Studies with mutant mouse embryos and mouse TSCs implicated transcription factors, like Caudal type homeobox protein-2 (CDX2), GATA binding protein 3 (GATA3), transcription factor AP-2 gamma (TCFAP2C) and TEAD4, in regulating proper execution of specification and determination phases during TE-development (Choi, et al. 2012, Home, et al. 2009, Nishioka, et al. 2008, Niwa, et al. 2005, Ralston, et al. 2010, Yagi, et al. 2007). CDX2 was the first transcription factor, specifically implicated in TE development.
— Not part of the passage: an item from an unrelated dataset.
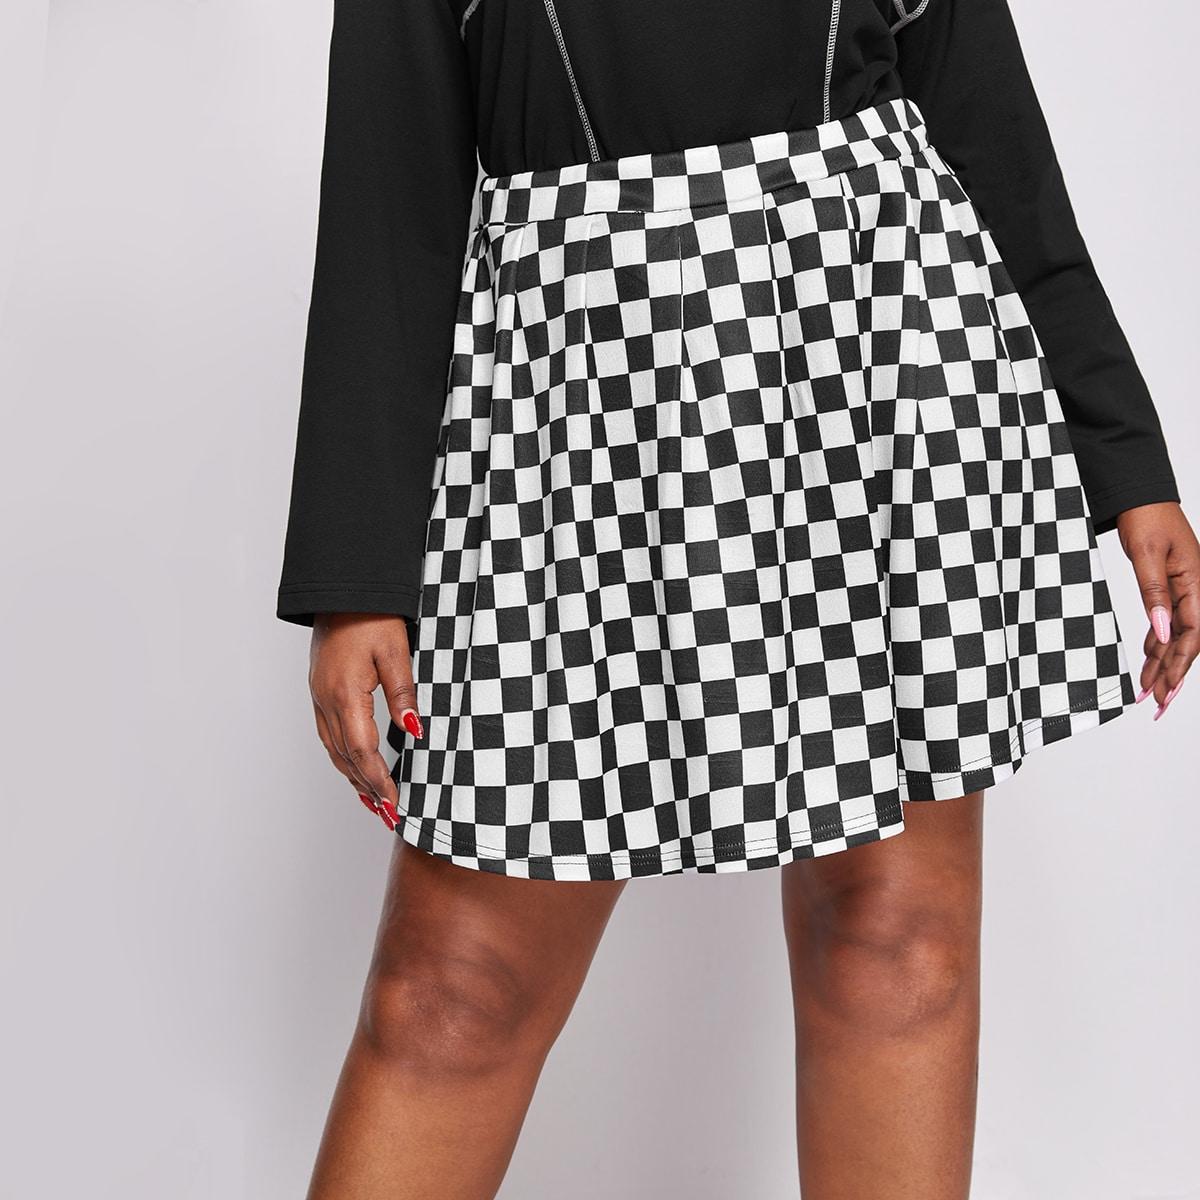 SHEIN / Plus Checker Plaid Pleated Skirt

CDX2 is ubiquitously expressed at the eight-cell stage. However, during the morula to blastocyst transition CDX2 becomes restricted to the outer TE lineage (Dietrich and Hiiragi 2007, Zernicka-Goetz, et al. 2009). Interestingly, lack of CDX2 in mouse embryos does not prevent blastocyst formation. Embryos lacking CDX2 fail to maintain a blastocoel cavity and are unable to implant (Strumpf, et al. 2005). Thus, CDX2 function seems to be essential for maintenance of a functional TE rather than specification of the TE-lineage from totipotent blastomeres. However, gain-of-function analyses in mouse embryonic stem cells (ESCs) showed that ectopic induction of CDX2 alone could promote a TSC-like fate in ESCs, indicating that, CDX2 function could contribute to the specification of the TE lineage and other factors might compensate the loss of CDX2 during specification of the TE-lineage (Nishiyama, et al. 2009).
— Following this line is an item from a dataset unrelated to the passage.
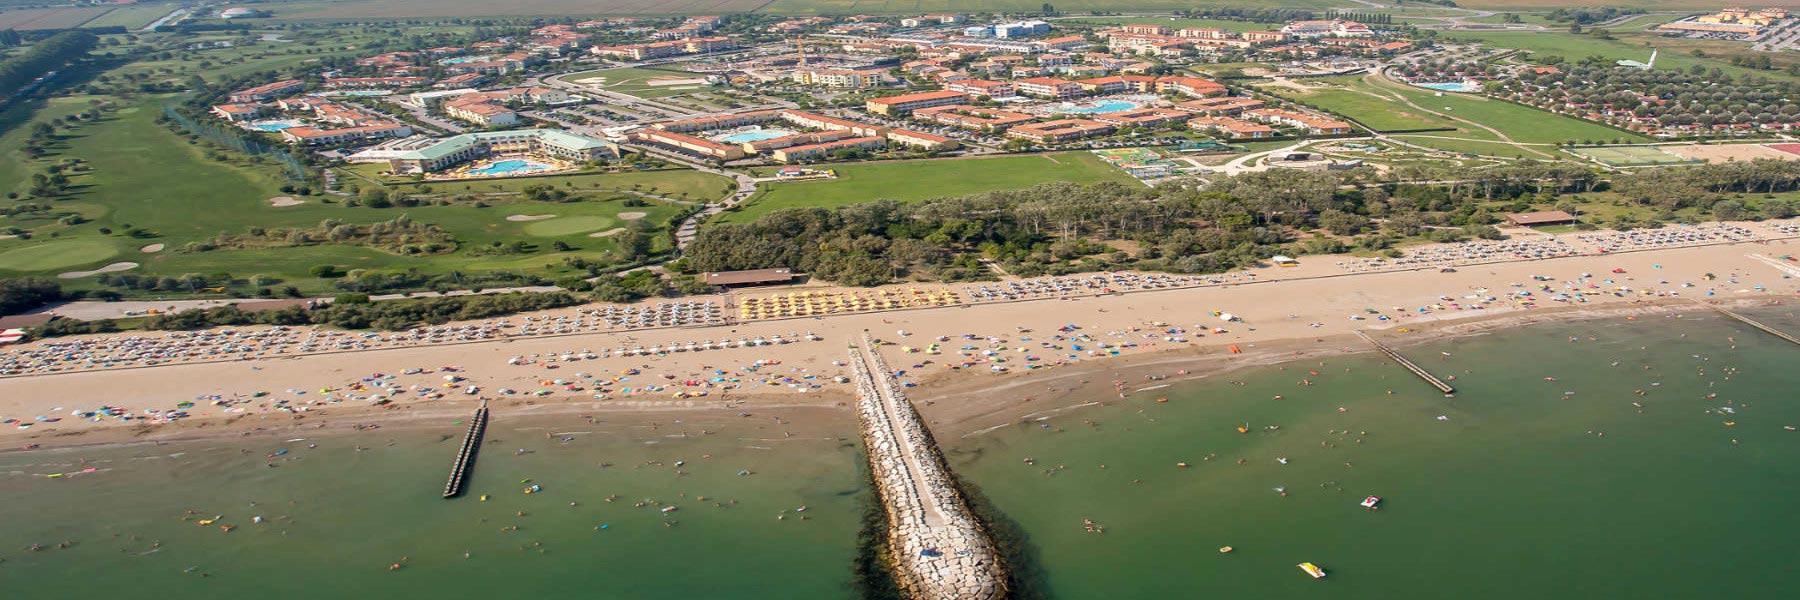 Santa Margherita Hotels

Other transcription factors, such as GATA3, may compensate for CDX2 during development of the trophoblast lineage (Ralston, et al. 2010). Expression analyses of GATA3 in mouse embryos showed that both GATA3 and CDX2 follow a similar expression pattern during early mouse development (George, et al. 1994, Home, et al. 2009, Ralston, et al. 2010). RNAi-mediated knock down of GATA3 expression in mouse preimplantation embryos impairs a TE-specific transcriptional program and partially inhibits the morula to blastocyst transition (Home, et al. 2009). Furthermore, ectopic induction of GATA3 in mouse ESCs could promote a trophoblast fate (Ralston, et al. 2010). However, unlike CDX2, GATA3 induction in ESCs does not restrict them in a self-renewing TSC-like state, but rather promotes continuation of trophoblast differentiation (Ralston, et al. 2010). Thus, GATA3 might function both during TE-development as well as subsequent differentiation of other trophoblast cell types.
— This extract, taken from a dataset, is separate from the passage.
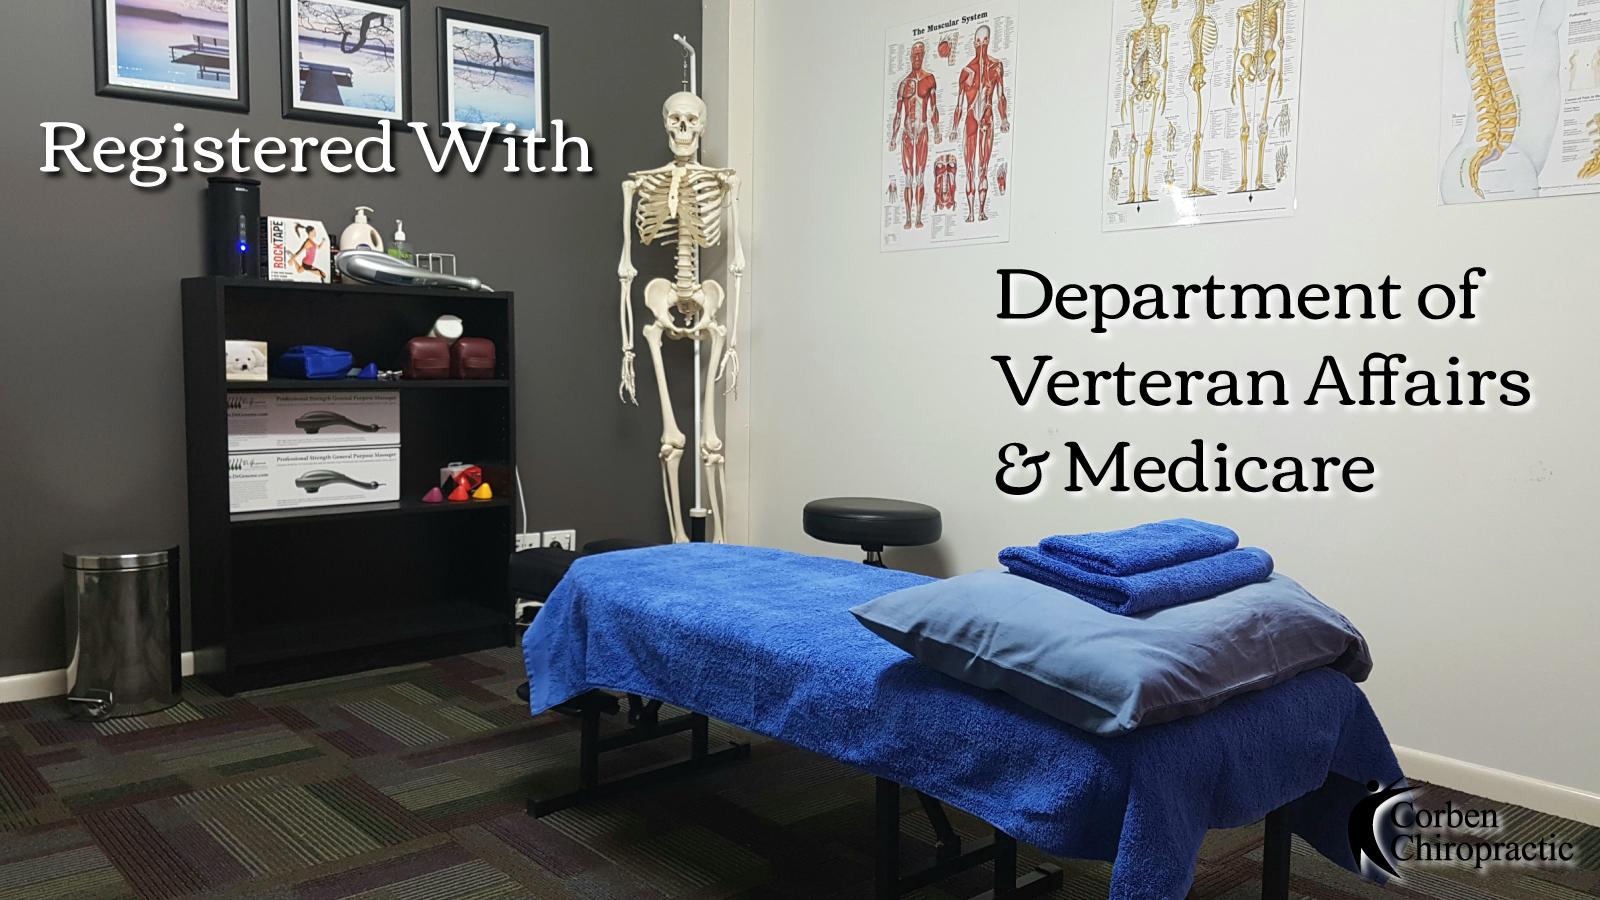 DVA and Medicare

In preimplantation mouse embryos, TEAD4, a member of the TEA domain containing transcription factor family, regulates transcription of both Cdx2 and Gata3 by physically occupying their chromatin domains (Home, et al. 2012, Nishioka, et al. 2008, Ralston, et al. 2010, Yagi, et al. 2007). Loss of TEAD4 in mouse embryos prevents establishment of a TE-specific transcriptional program as characterized by loss of other TE-specific factors like CDX2 and GATA3 (Nishioka, et al. 2008, Ralston, et al. 2010, Yagi, et al. 2007). Hence, TEAD4 is indicated as the upstream factor to initiate expression of CDX2, GATA3 and other key factors for TE-specification. Furthermore, conserved nature of TEAD4 expression within mammalian TE-lineage (Home, et al. 2012) indicates that TEAD-mediated TE-specification might be a common event during preimplantation development in several mammals.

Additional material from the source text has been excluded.